Problem to work on:
Write out, word for word and with no pictures, each line below from the one containing "Color de fondo" through the one containing "Карнавальный набор масок", both included, and no other line.

Source information:
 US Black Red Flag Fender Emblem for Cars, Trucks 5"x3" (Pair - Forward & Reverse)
* * *
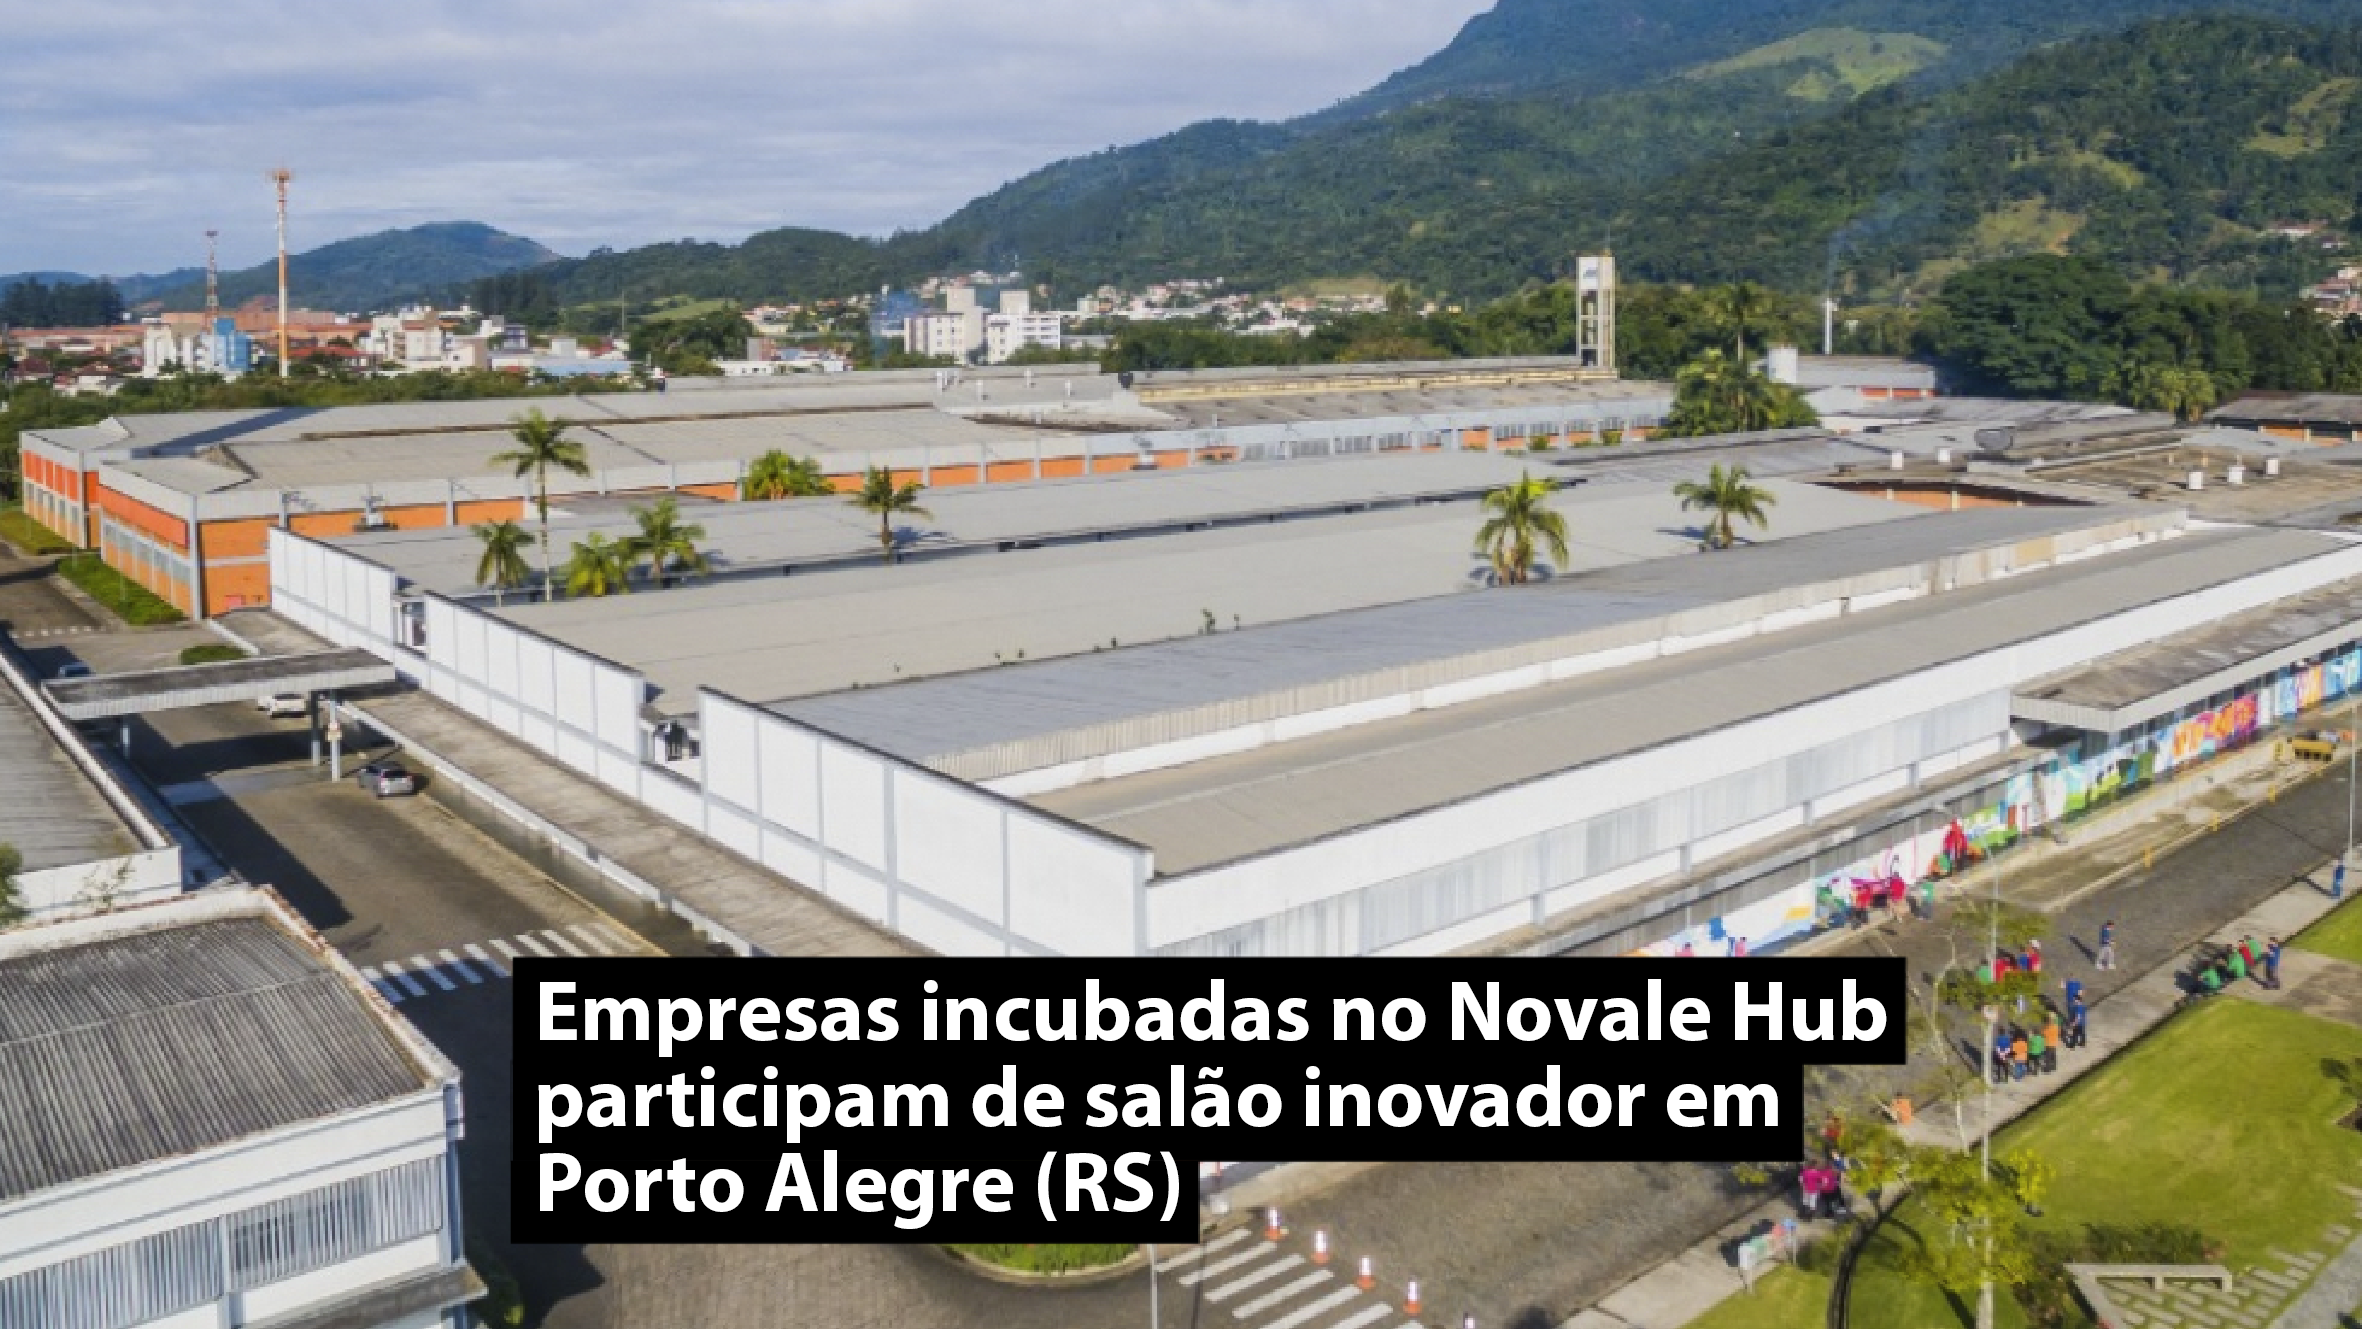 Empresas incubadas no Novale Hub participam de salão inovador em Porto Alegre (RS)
==
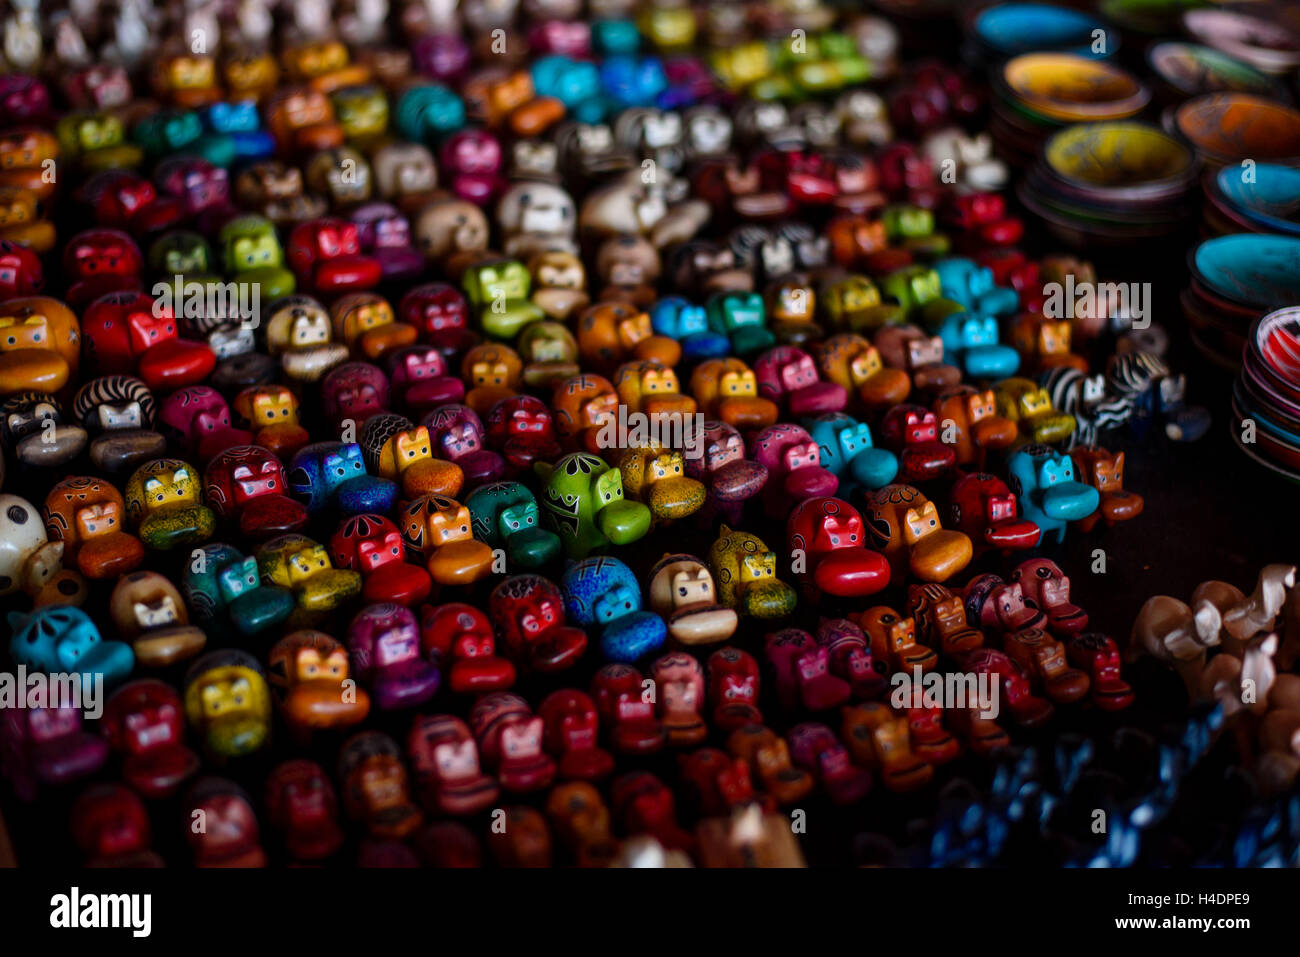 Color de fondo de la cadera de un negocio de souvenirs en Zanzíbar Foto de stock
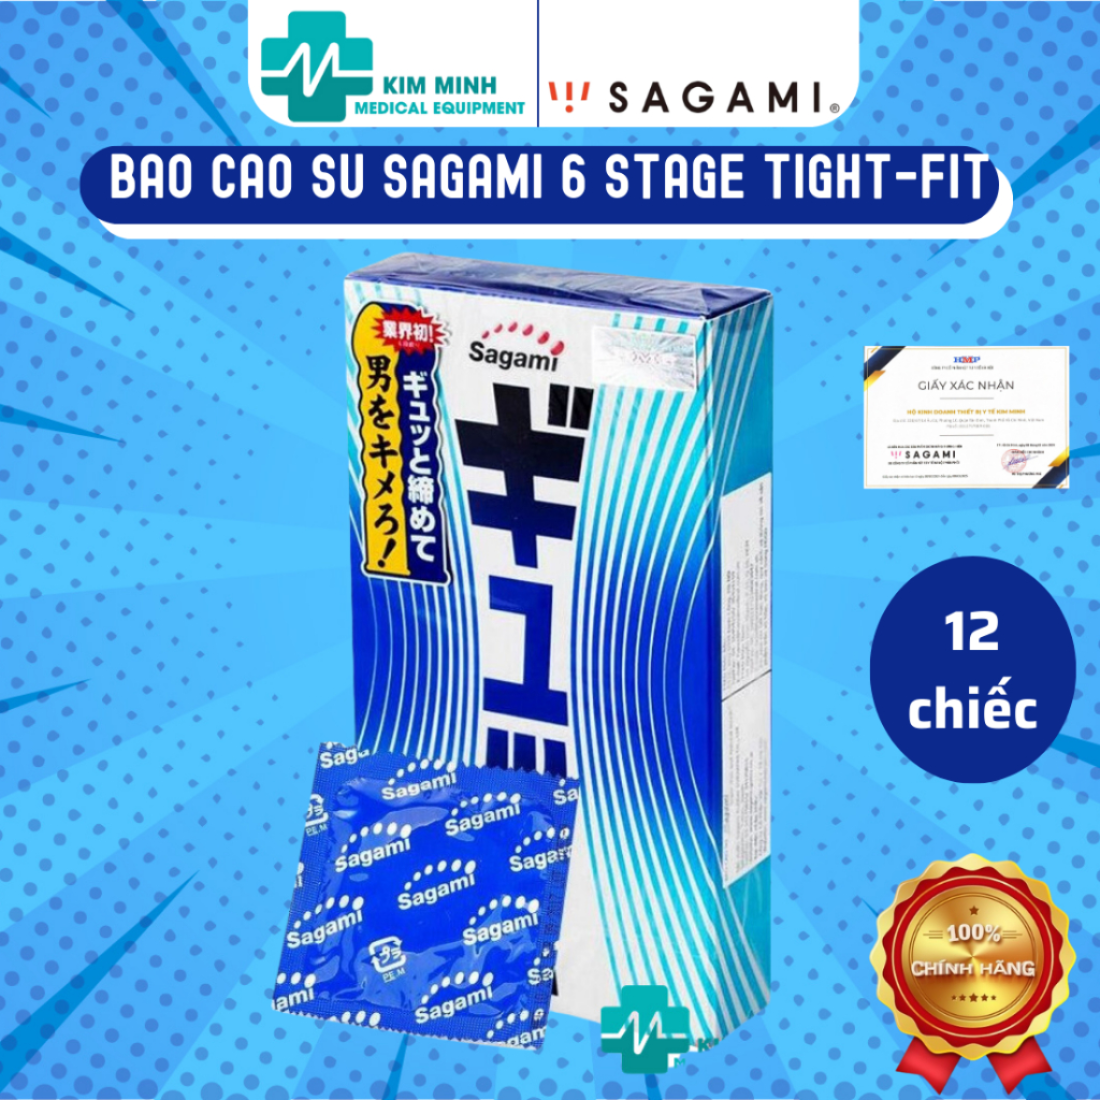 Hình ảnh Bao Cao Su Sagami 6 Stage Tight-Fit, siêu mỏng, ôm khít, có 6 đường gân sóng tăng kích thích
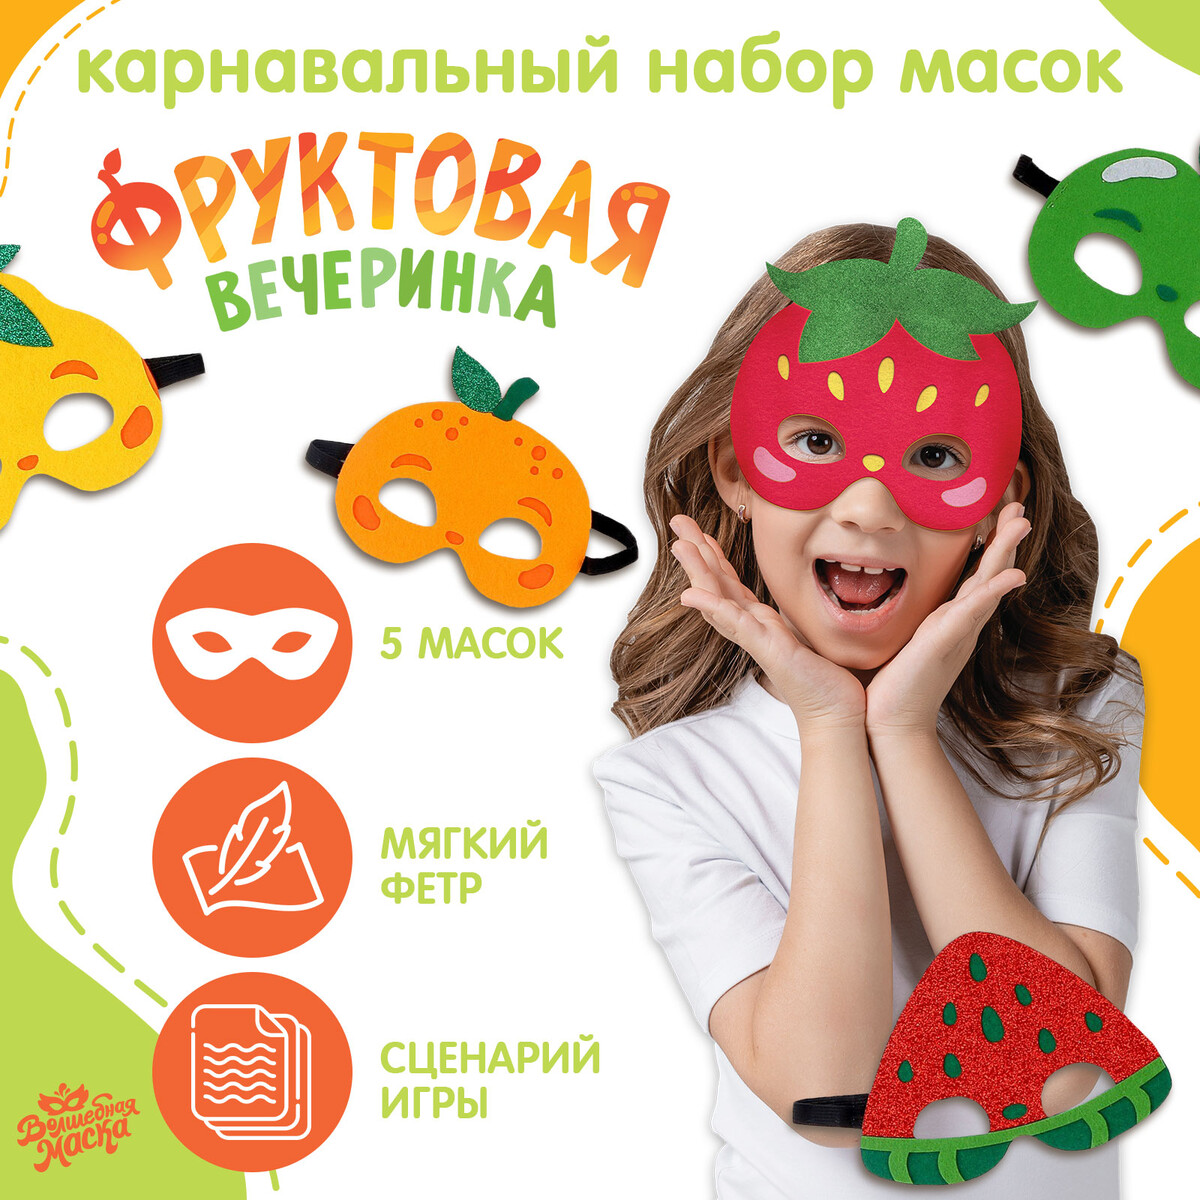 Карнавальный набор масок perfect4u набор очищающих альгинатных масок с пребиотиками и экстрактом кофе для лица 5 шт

Your solution:
 Color de fondo de la cadera de un negocio de souvenirs en Zanzíbar Foto de stock
 Hình ảnh Bao Cao Su Sagami 6 Stage Tight-Fit, siêu mỏng, ôm khít, có 6 đường gân sóng tăng kích thích
 Карнавальный набор масок perfect4u набор очищающих альгинатных масок с пребиотиками и экстрактом кофе для лица 5 шт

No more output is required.